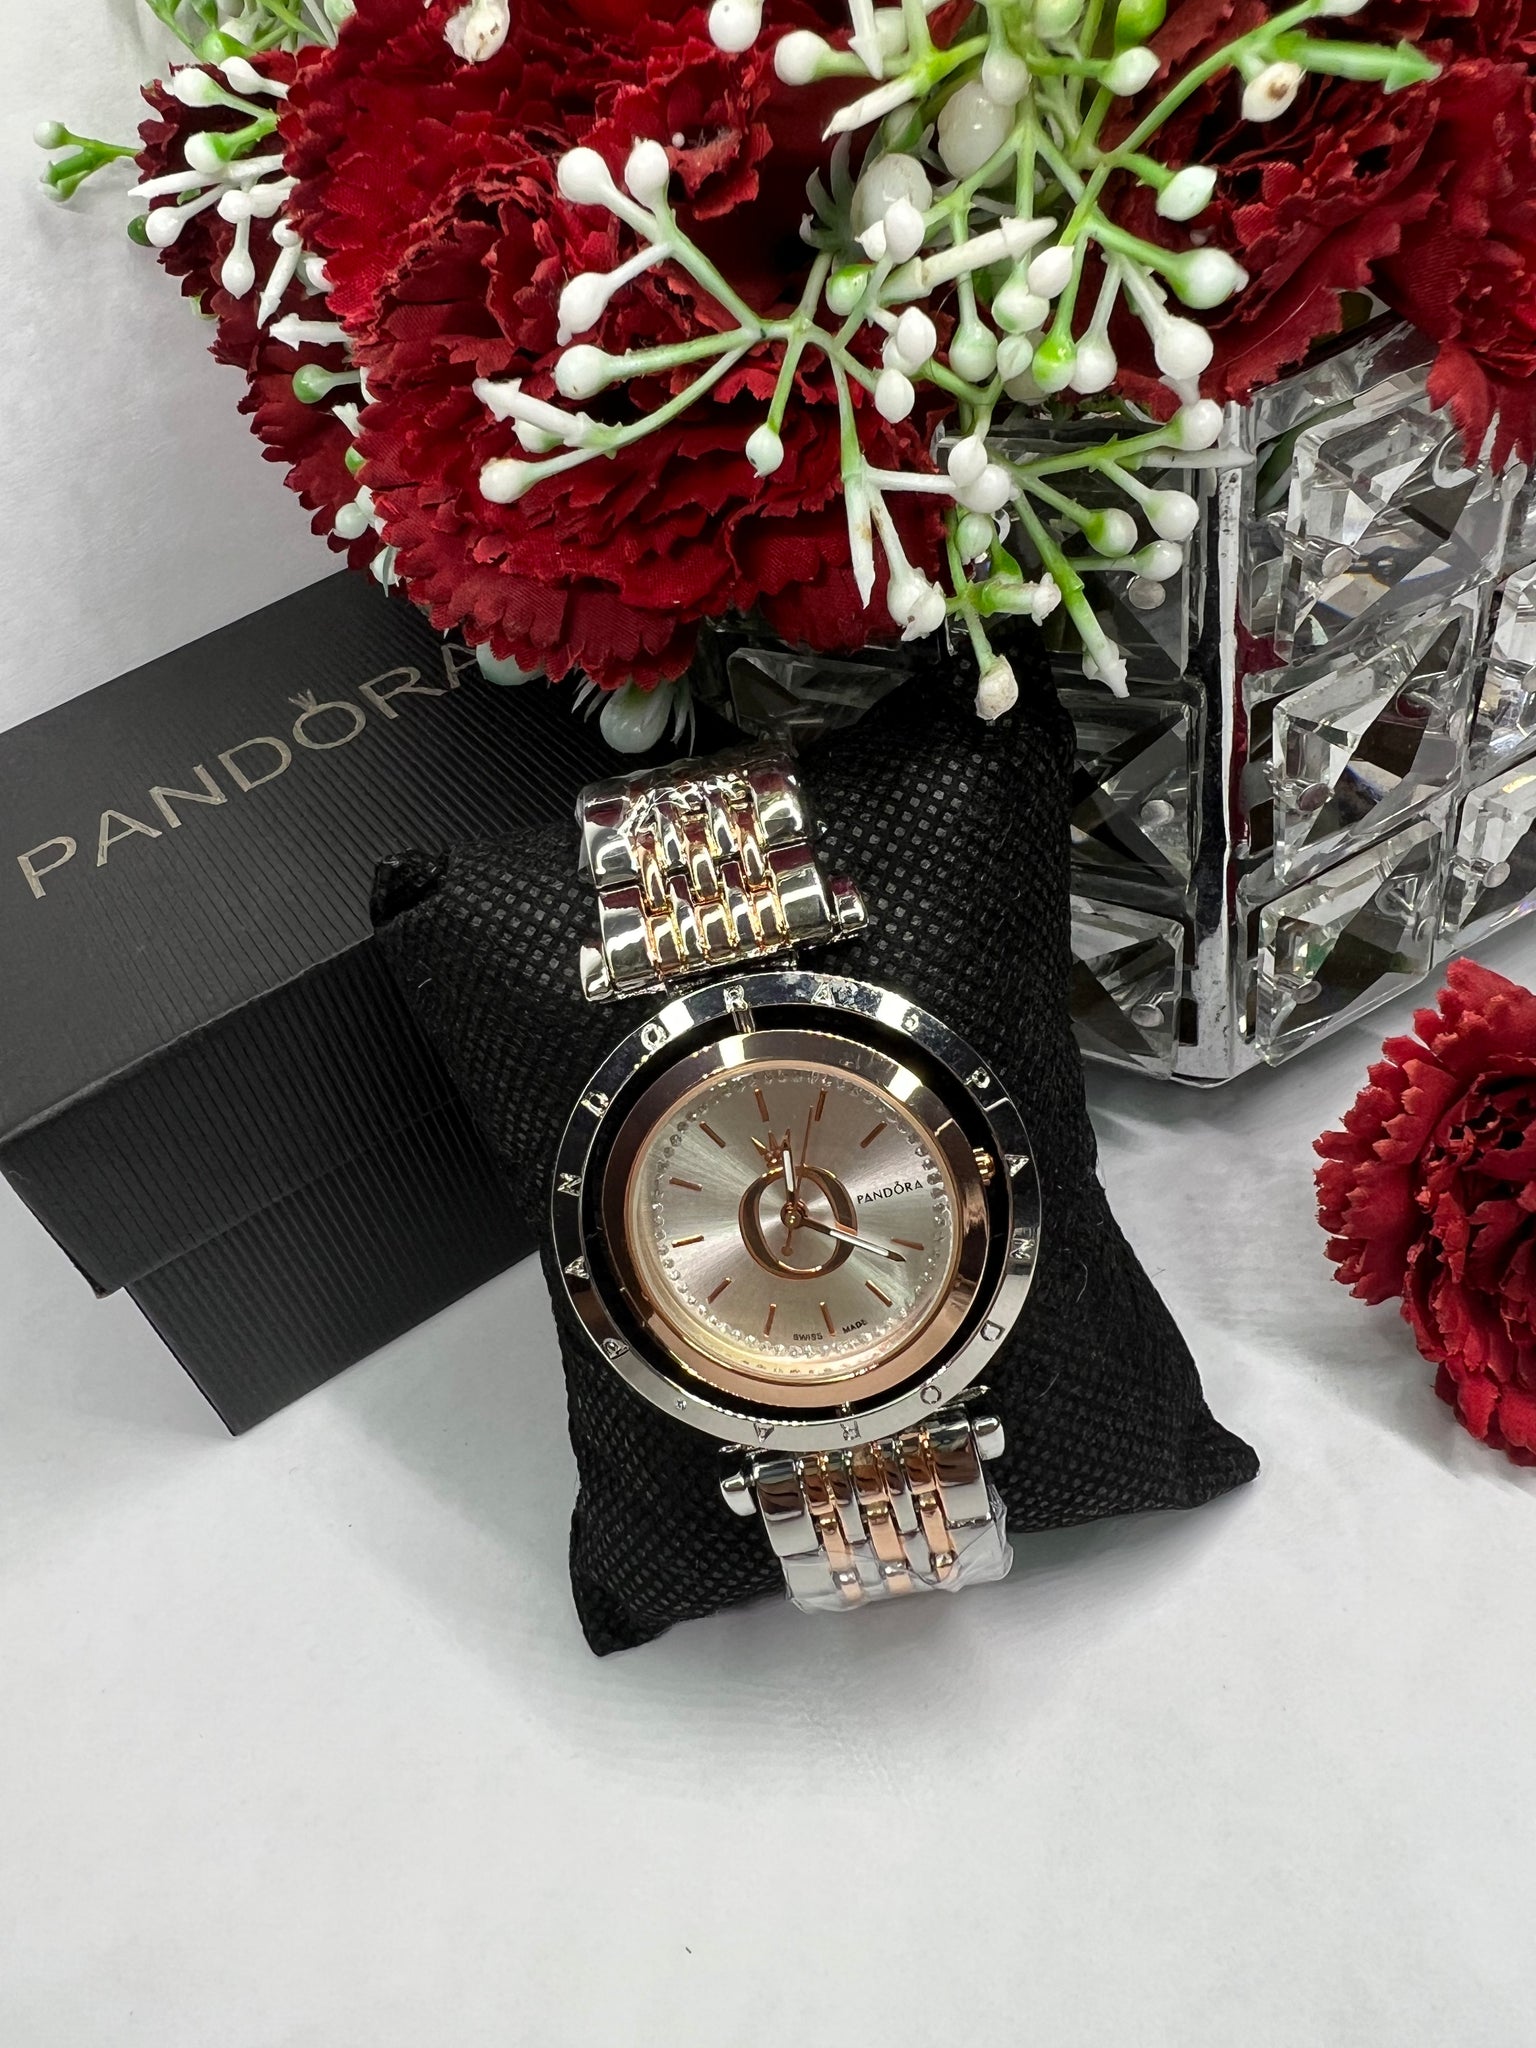 Reloj Pandora Plateado con Borde Rose Gold
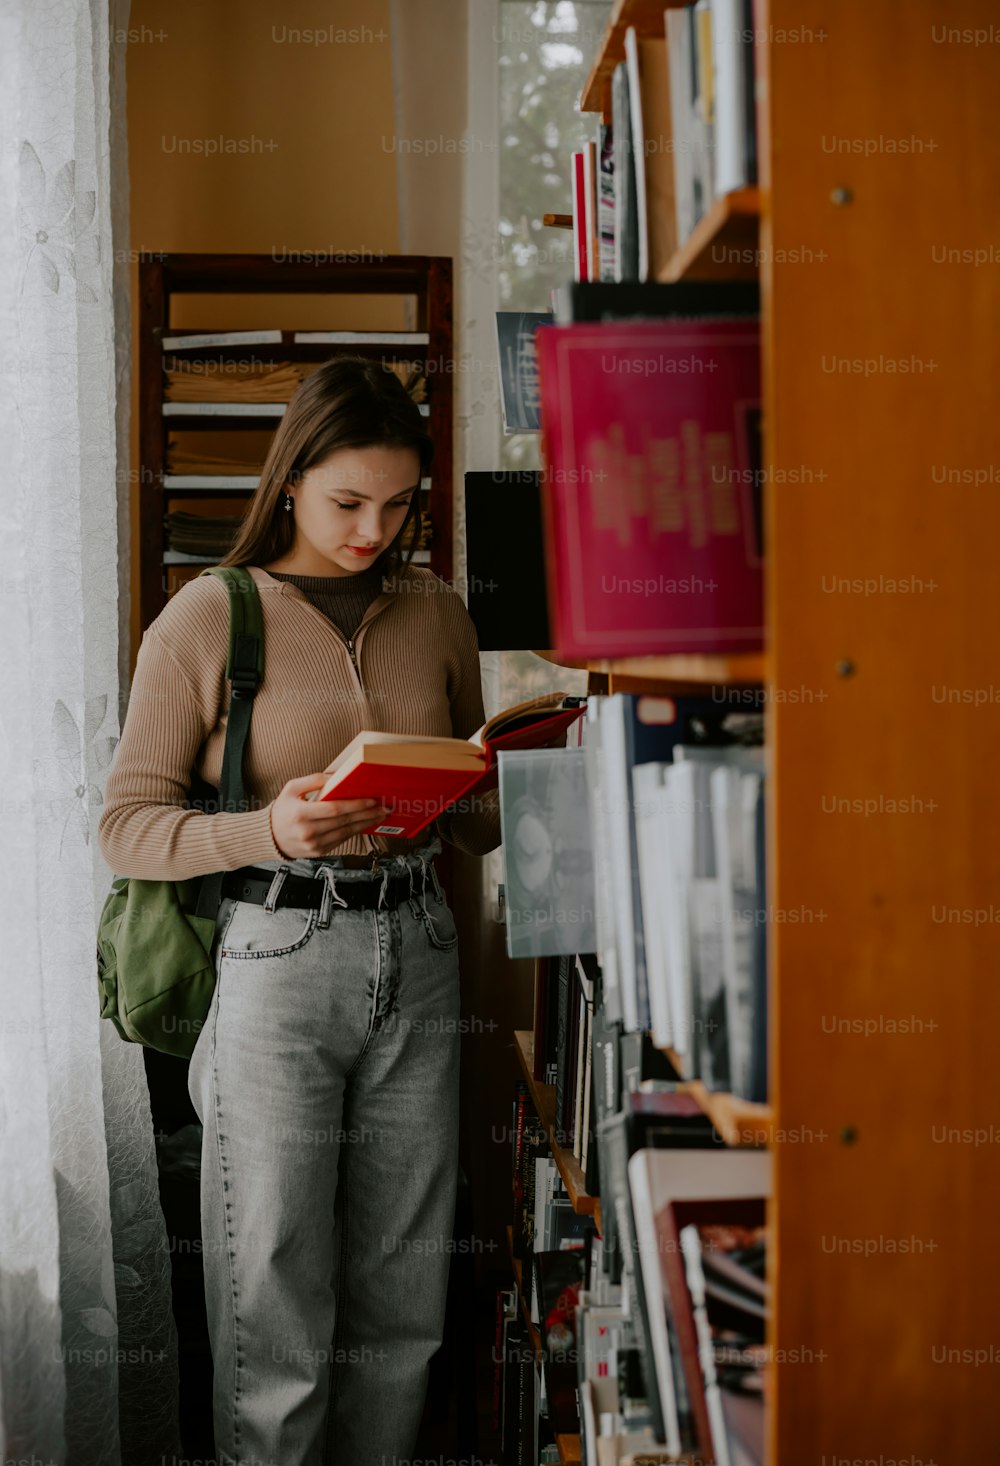 Une femme debout devant une étagère à livres
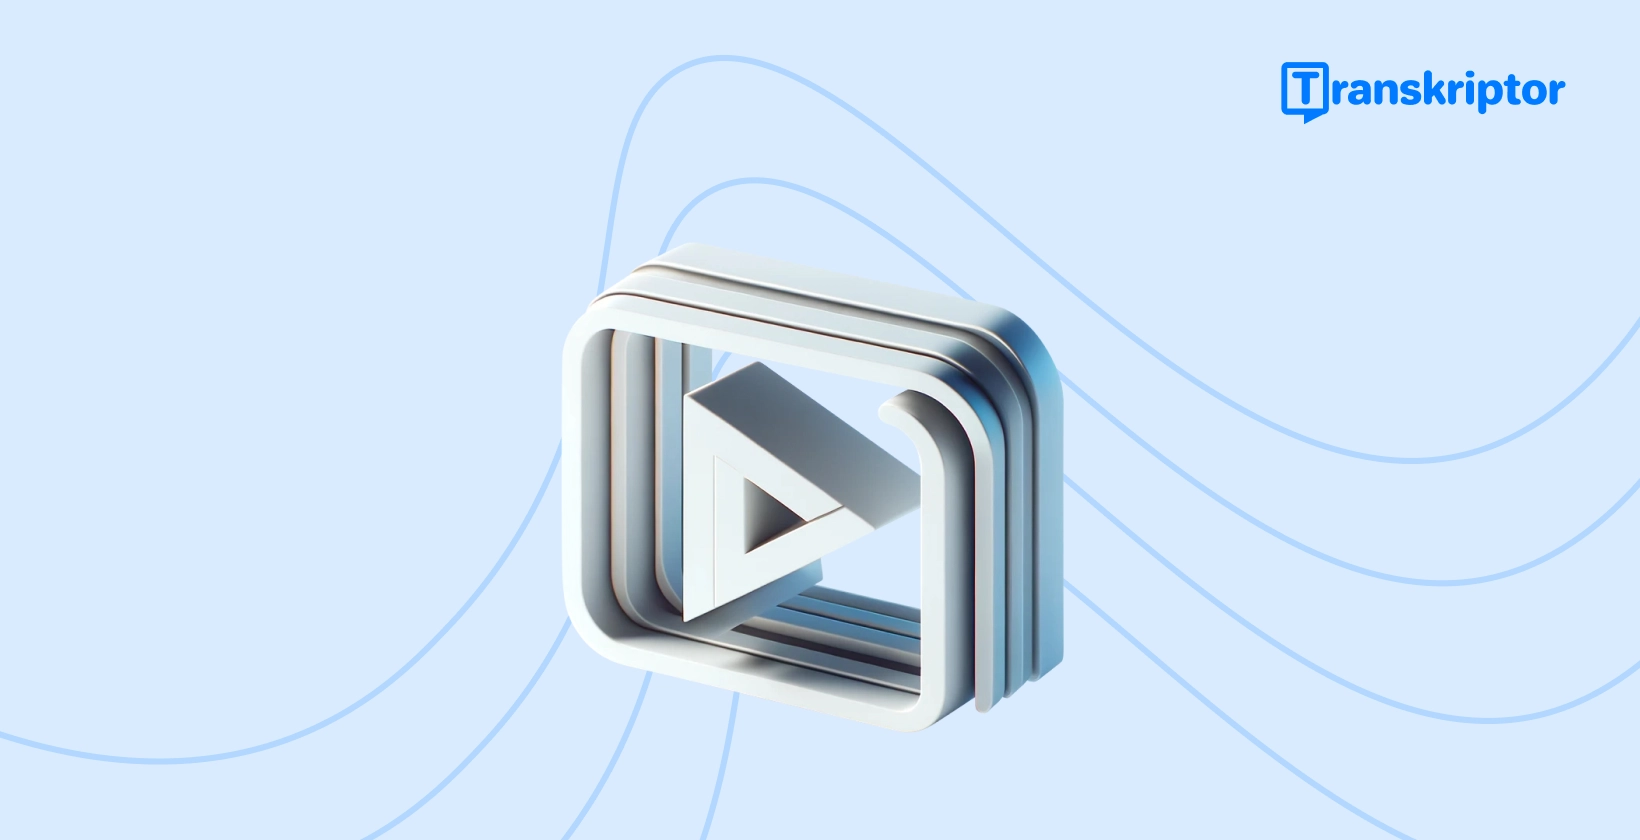 Detaljni natpis vodiča o dodavanju titlova videozapisima, s ikonom gumba za reprodukciju koja simbolizira uređivanje videozapisa.
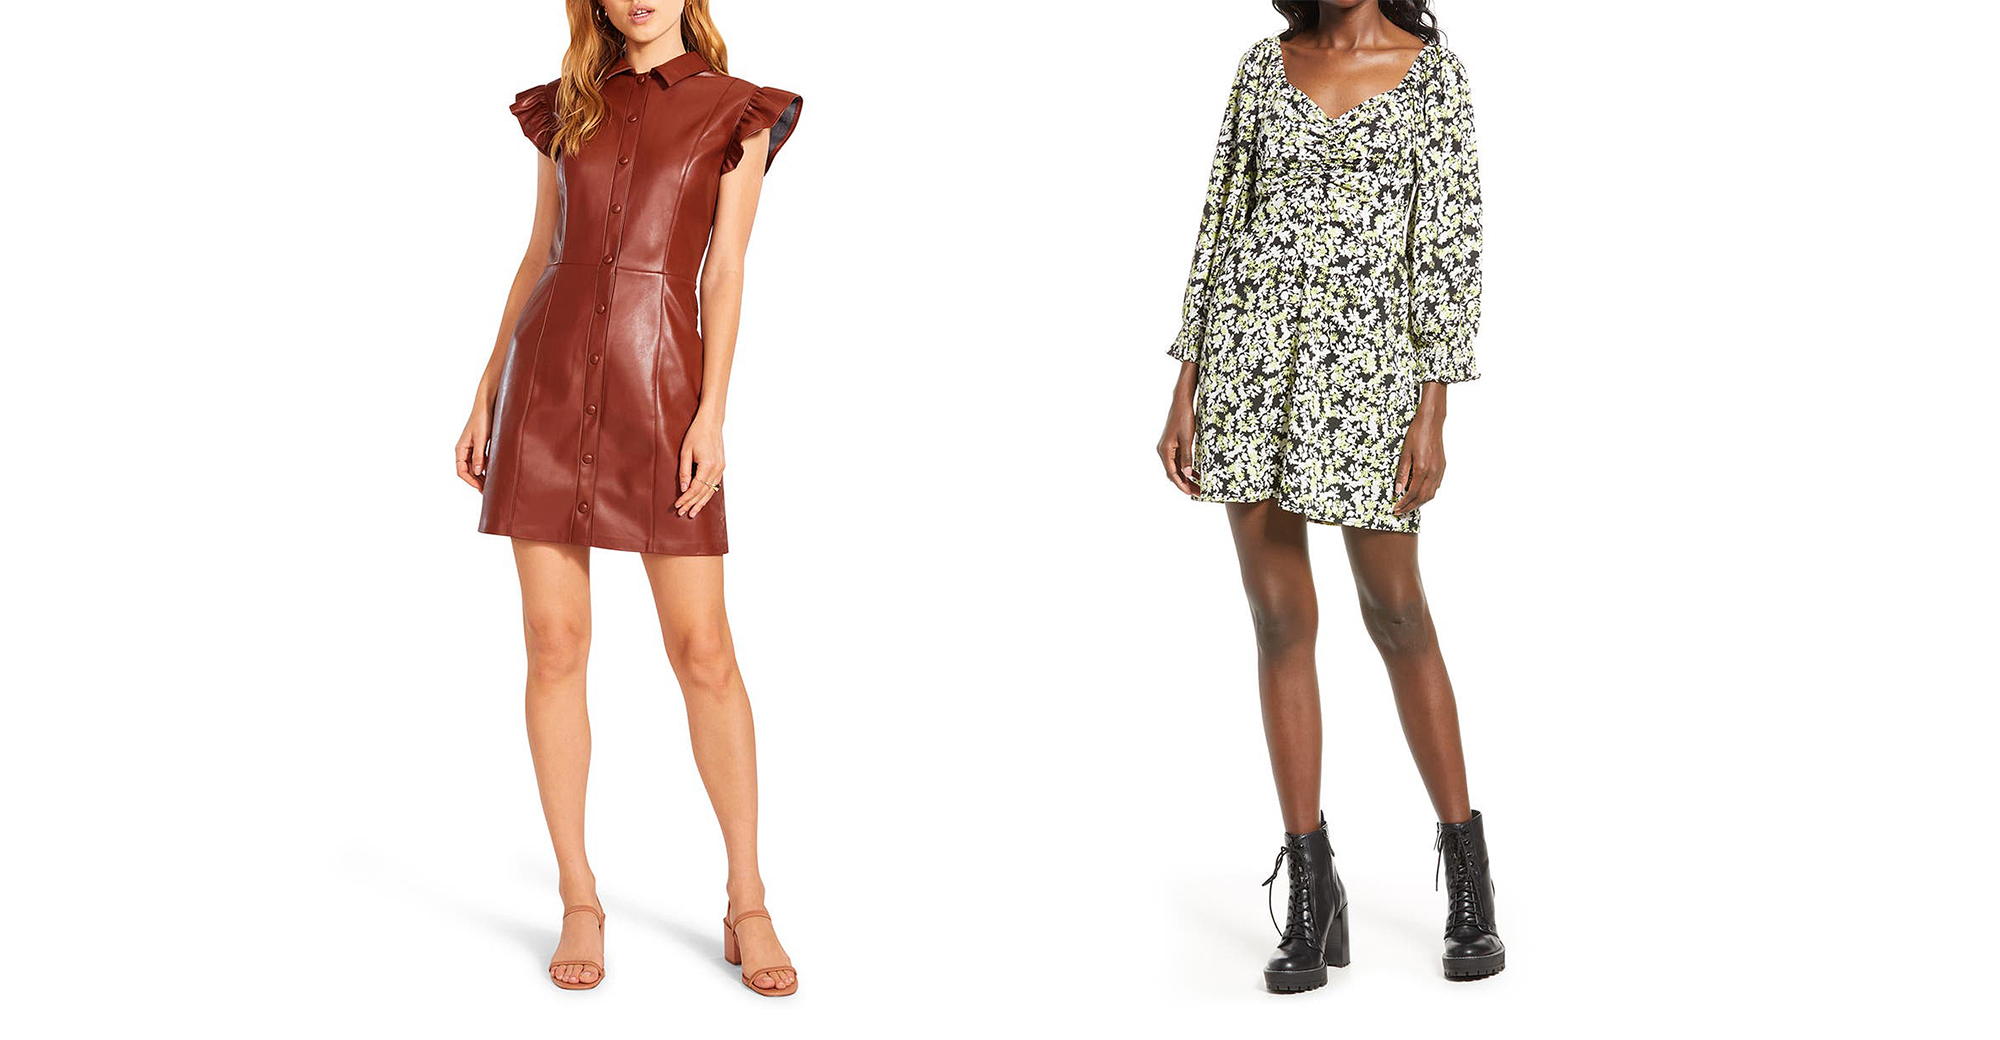 Zara-Style Nordstrom Anniversary Sale Deals: 11 Fashion Picks

Your instructions: Pictures aside, reproduce exactly the lines from the one containing "Une femme debout devant une étagère à livres" to the end of the listing above, both ends included.

Response:
 Une femme debout devant une étagère à livres
 Detaljni natpis vodiča o dodavanju titlova videozapisima, s ikonom gumba za reprodukciju koja simbolizira uređivanje videozapisa.
 Zara-Style Nordstrom Anniversary Sale Deals: 11 Fashion Picks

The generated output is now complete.